Pierwszym, z czym od razu skojarzyła mi się książka, był fakt, iż ma ona tematykę nie tylko fantastyczną, lecz również mocno przygodową. Otóż nie jednokrotnie miałam przed swymi oczyma książkę, która jest przygotówką, dla żądnych wszelakich uczuć ludzi. Poznając tę lekturę, kolejny raz przeżyłam na łamach stron przygodę, która mnie pochłonęła. Już od dawna aż tak dobrze nie czułam się podczas czytania żadnej książki z tejże tematyki.

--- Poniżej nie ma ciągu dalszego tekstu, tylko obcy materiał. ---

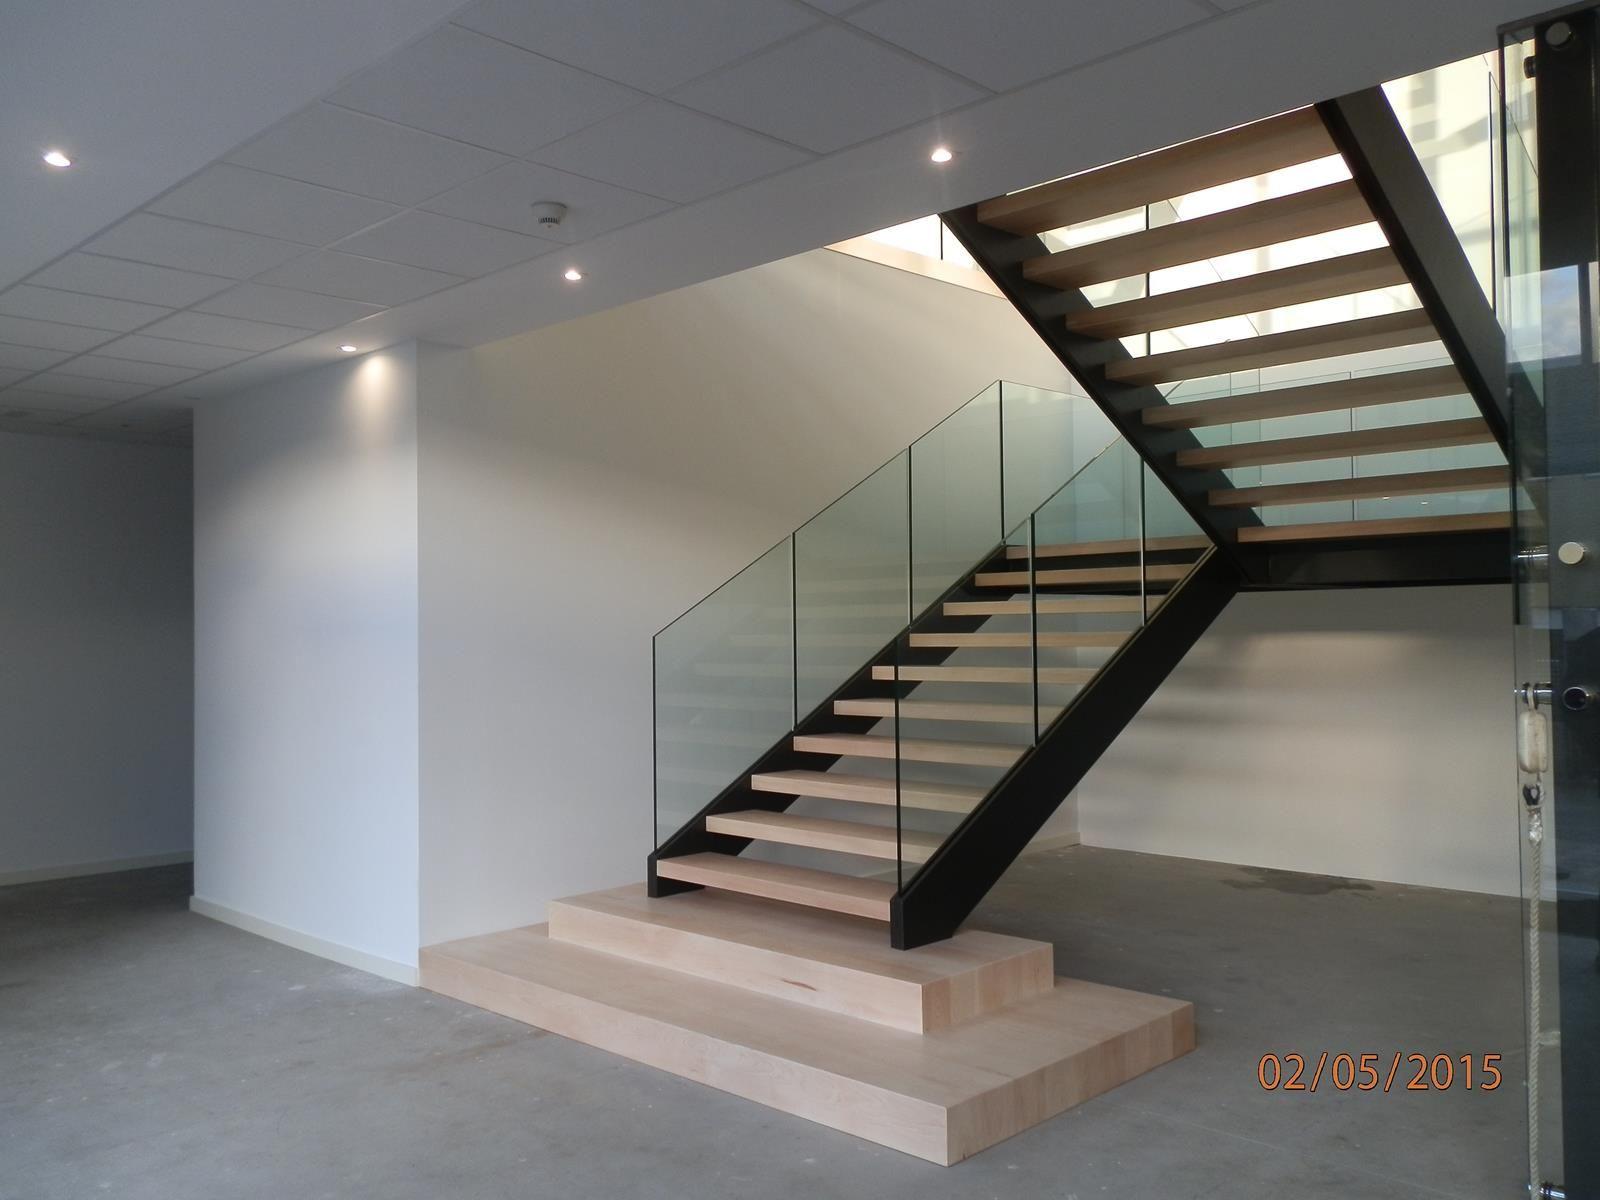 Resultado de imagen para escaleras metalicas escaleras for Escaleras metalicas planos

Wybierają tę pozycję, do przeczytania, pragnęłam odpocząć nieco od lektur, które w ostatnim czasie czytam aż nadto. Pomyślałam, iż książka fantasy dobrze mi zrobi i na pewno poczuje się po niej lepiej. Nie myliłam się. Barwny język i przekaz w książce, powoduje,że czyta się ją miło i przyjemnie. Dodatkowym atutem zawartym bezpośrednio w niej, jest również fakt, jak zostali wykreowani bohaterowie. Jak dla mnie, są oni dobrze przemyślani, jak i ukazani w tej pozycji. Niejednokrotnie spotykałam się z wyidealizowanymi uczestnikami akcji w pozycjach przygodowych, którzy byli aż nazbyt idealni, i zarazem nieprawdziwi. W tej akurat lekturze, umiar został równolegle zachowany i rozprowadzony na każdego z bohaterów, co mnie bardzo cieszy.

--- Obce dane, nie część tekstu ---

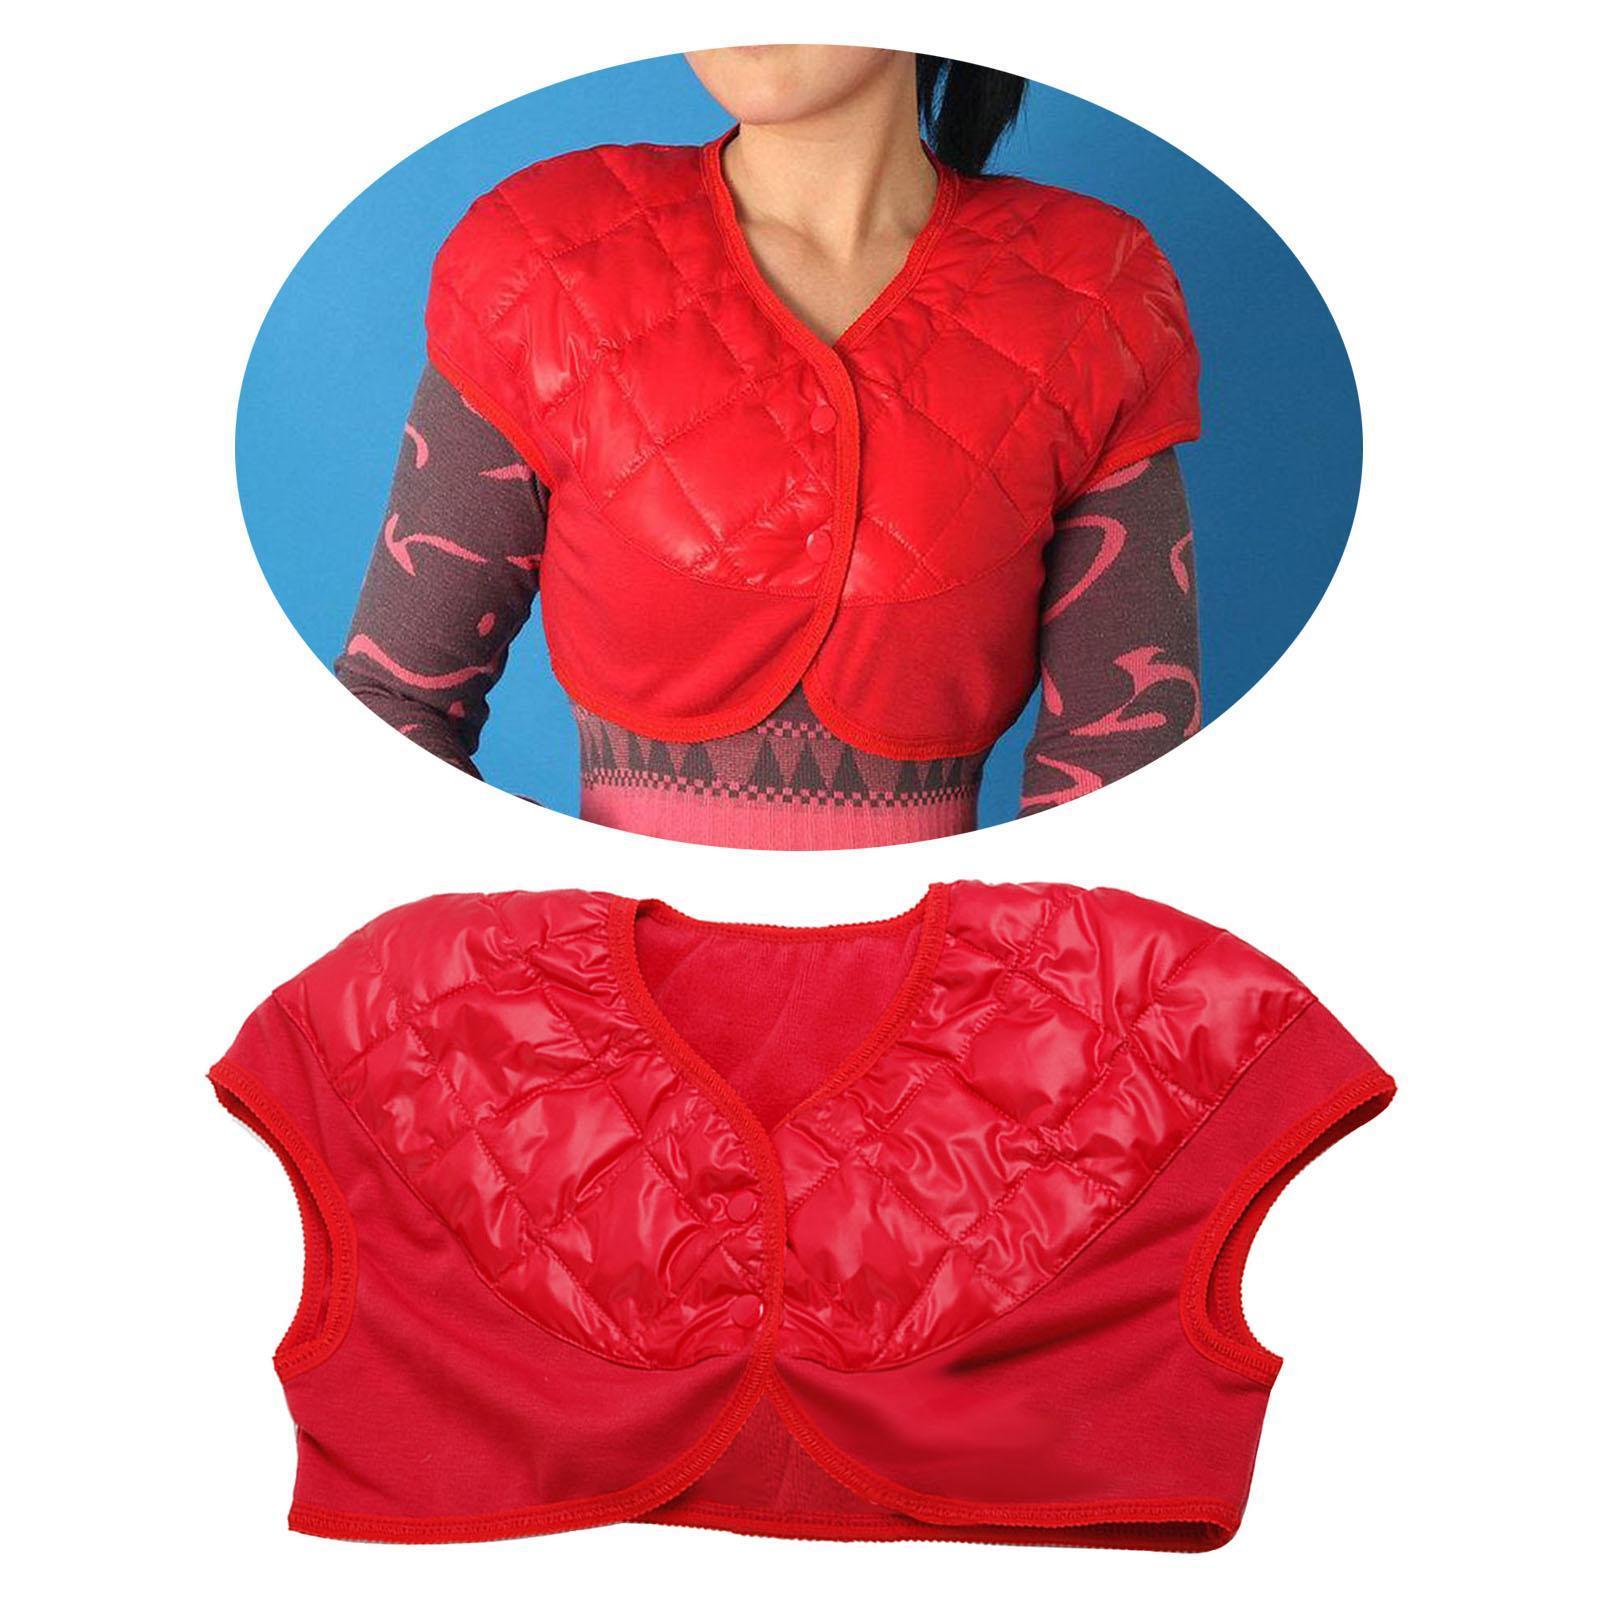 Femmes-Hommes-Down-Jacket-Chaud-Manteau-Court-Epaule-Chaud-Thermique-Wrap miniatura 73

"Wiedzieli, że cokolwiek się stanie,stawią czoła wyzwaniu razem."
Co do samej akcji, przyznam, iż niekiedy miałam do niej zastrzeżenia. Otóż jest ona dobrze rozbudowana i przemyślana, lecz niekiedy aż denerwuje. Czuć przy niej lekki powiew nudy, czego przy tego typu książkach być nie powinno. Być może winą tego jest fakt, iż sama stwierdziłam, że ta lektura jest wspaniałym przerywnikiem dla osób, dużo ode mnie młodszych. Takie właśnie odczucia miałam z nią związane. Czułam bowiem, iż należy ją przeznaczyć dla młodzieży, która jest na etapie początkującym jeśli chodzi o pozycje przygodowe. Tę książkę wspominać będę jednak miło i ciepło, pomimo niewielkich jej wad.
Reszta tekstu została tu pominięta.